Sans cette autorité forte, on est en droit de douter de l’efficacité, au moment où une grande partie des décisions se prend à Bruxelles, d’une représentation dispersée de la France pour défendre ses intérêts et sa sécurité, compte tenu notamment de sa situation géographique. Située en bordure d’un détroit qui compte parmi les plus fréquentés du monde, elle est aussi riveraine de la Méditerranée, mer particulièrement vulnérable.

Le programme adopté par le Comité interministériel d’aménagement et de développement du territoire (CIADT), arrêté le 28 février à Nantes, retient des mesures intéressantes concernant notamment la réparation des dommages causés à certains secteurs professionnels et à l’environnement. Il prévoit également la réorganisation de l’expertise et de la recherche. Toutefois, le Conseil économique et social déplore l’absence de dispositions faisant avancer le principe du pollueur-payeur et de la responsabilité environnementale. Pourtant, l’émotion soulevée par le naufrage de l’Erika et la mobilisation citoyenne qui l’accompagne encore trois mois après l’accident, semblent indiquer que les atteintes portées à l’environnement ne sont plus acceptées par la population.

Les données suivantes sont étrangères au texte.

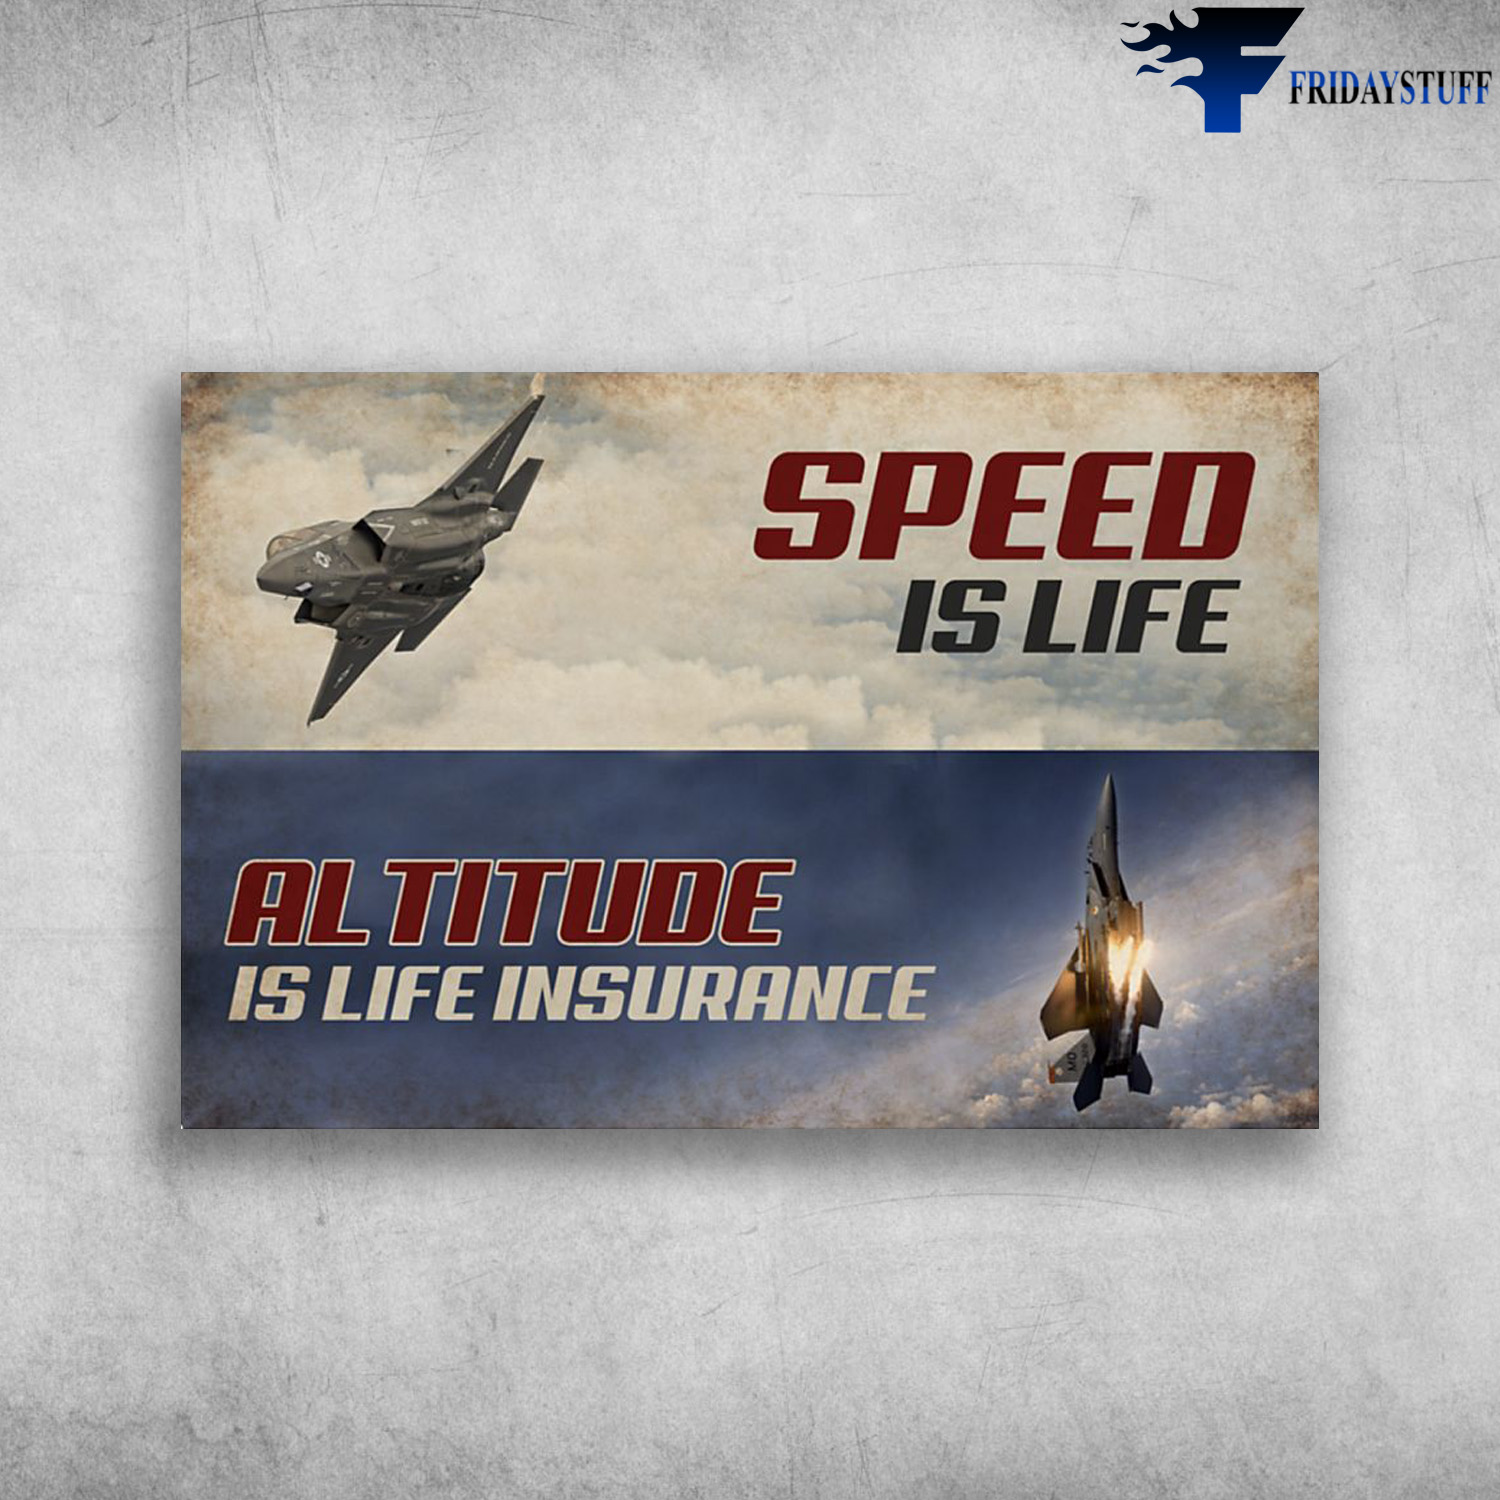 Military Aircraft - Speed Is Life, Altitude Is Life Insurance

Les propositions que formule le Conseil économique et social prendront en compte cette nouvelle exigence qui se double par ailleurs d’une exigence en matière de transparence dans la communication et la prise de décisions sur ces questions.

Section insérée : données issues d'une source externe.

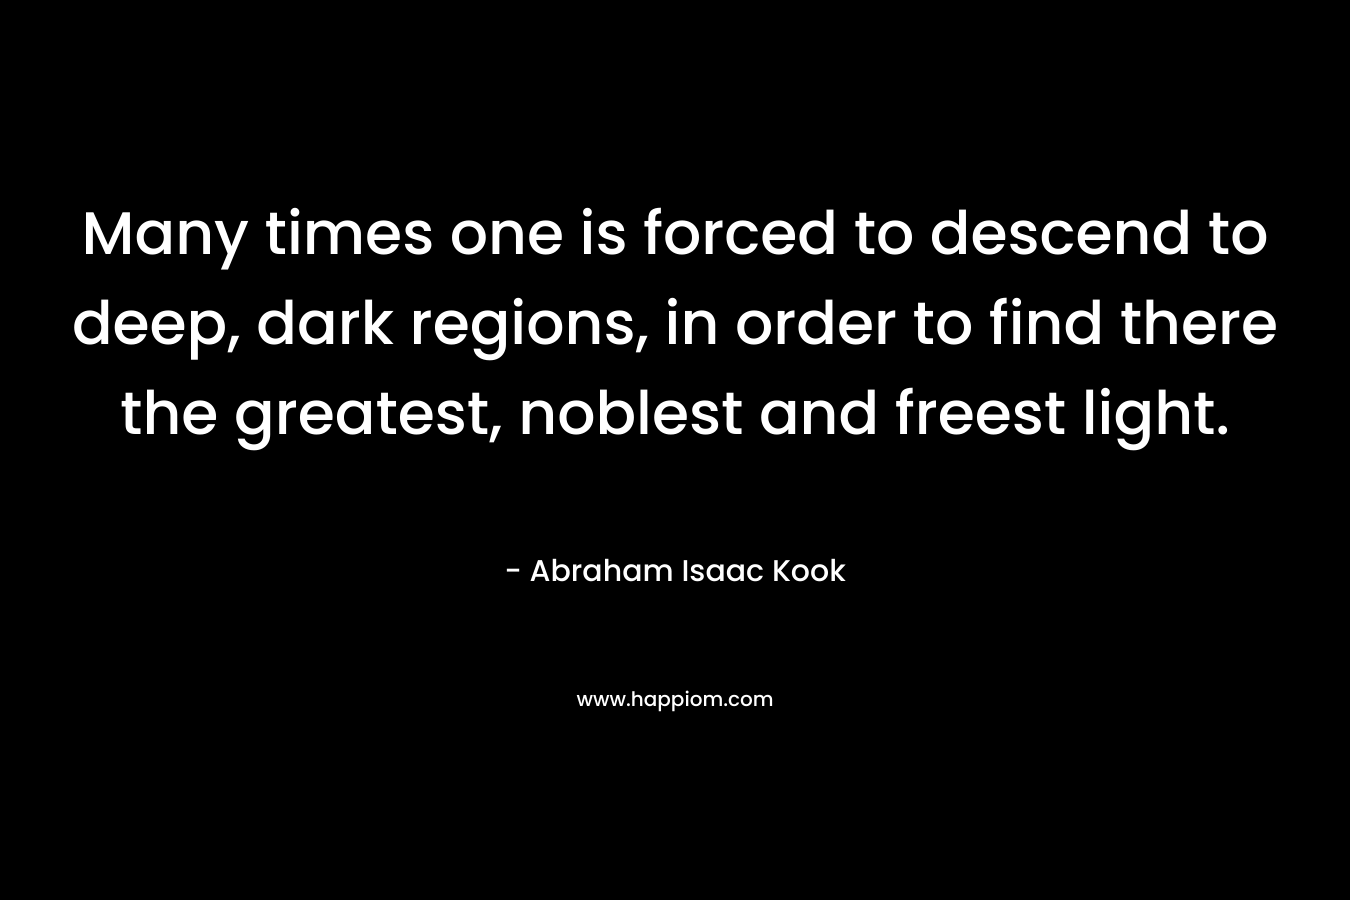 Many times one is forced to descend to deep, dark regions, in order to find there the greatest, noblest and freest light. – Abraham Isaac Kook

L’effort financier du gouvernement pour éteindre les préjudices les plus criants et les plus urgents consécutifs à la pollution de l’Erika représente un progrès notable. Pour autant, quelles que soient les sommes débloquées, elles ne règlent pas la question fondamentale : la responsabilité du pollueur doit être engagée de façon que la réparation des préjudices, et notamment la restauration du milieu naturel agressé, n’échoit pas au contribuable.

Le Conseil économique et social propose au-delà des mesures annoncées visant à renforcer les contraintes techniques de fabrication, ou juridiques de conditions de circulation de se montrer audacieux en progressant sur la voie de la protection de l’environnement sans méconnaître les nécessités économiques, les problèmes de concurrence et la sauvegarde de l’emploi. Les Etats-Unis ont osé dans ce domaine mettre en place un dispositif sévère. Il ne s’agit pas d’imiter mais de s’engouffrer dans une brèche ouverte qui va dans le sens voulu par les citoyens.

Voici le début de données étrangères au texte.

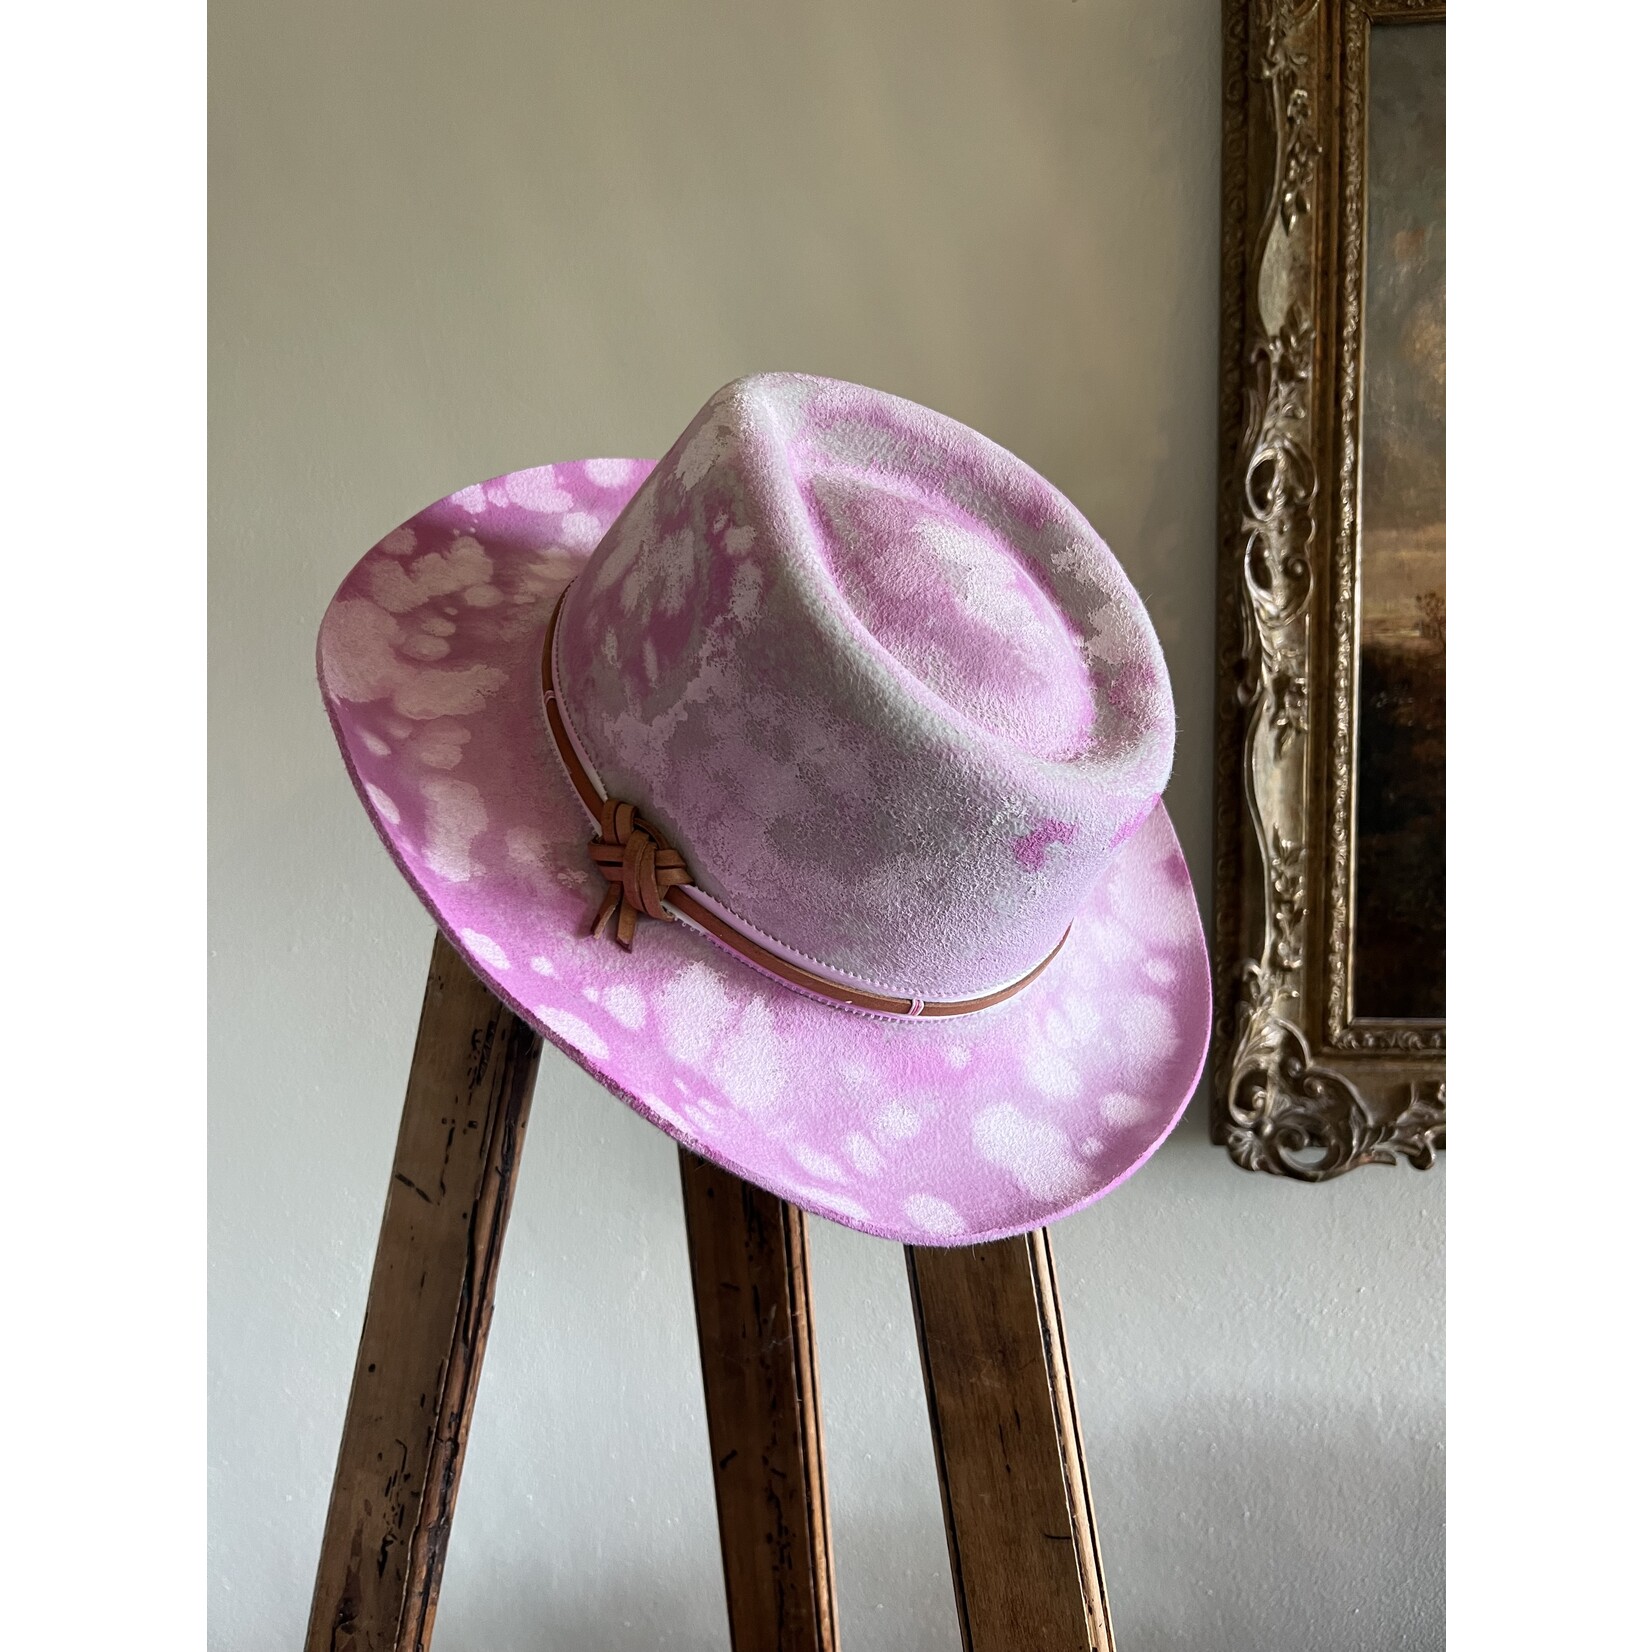 JR Hat - One of a kind, hand painted pink/white

A - FONDER LA RESPONSABILITÉ ENVIRONNEMENTALE ET DÉVELOPPER LA PRÉVENTION

Il convient avant tout de définir et de mettre en place une responsabilité environnementale fondée sur les principes du pollueur-payeur, de précaution et de prévention. La responsabilité environnementale implique une responsabilité sans faute, du seul fait de la dangerosité des produits polluants répertoriés comme tels. Dans le cas de l’Erika, cette exigence est manifeste pour TotalFina comme elle le serait pour tout autre affréteur.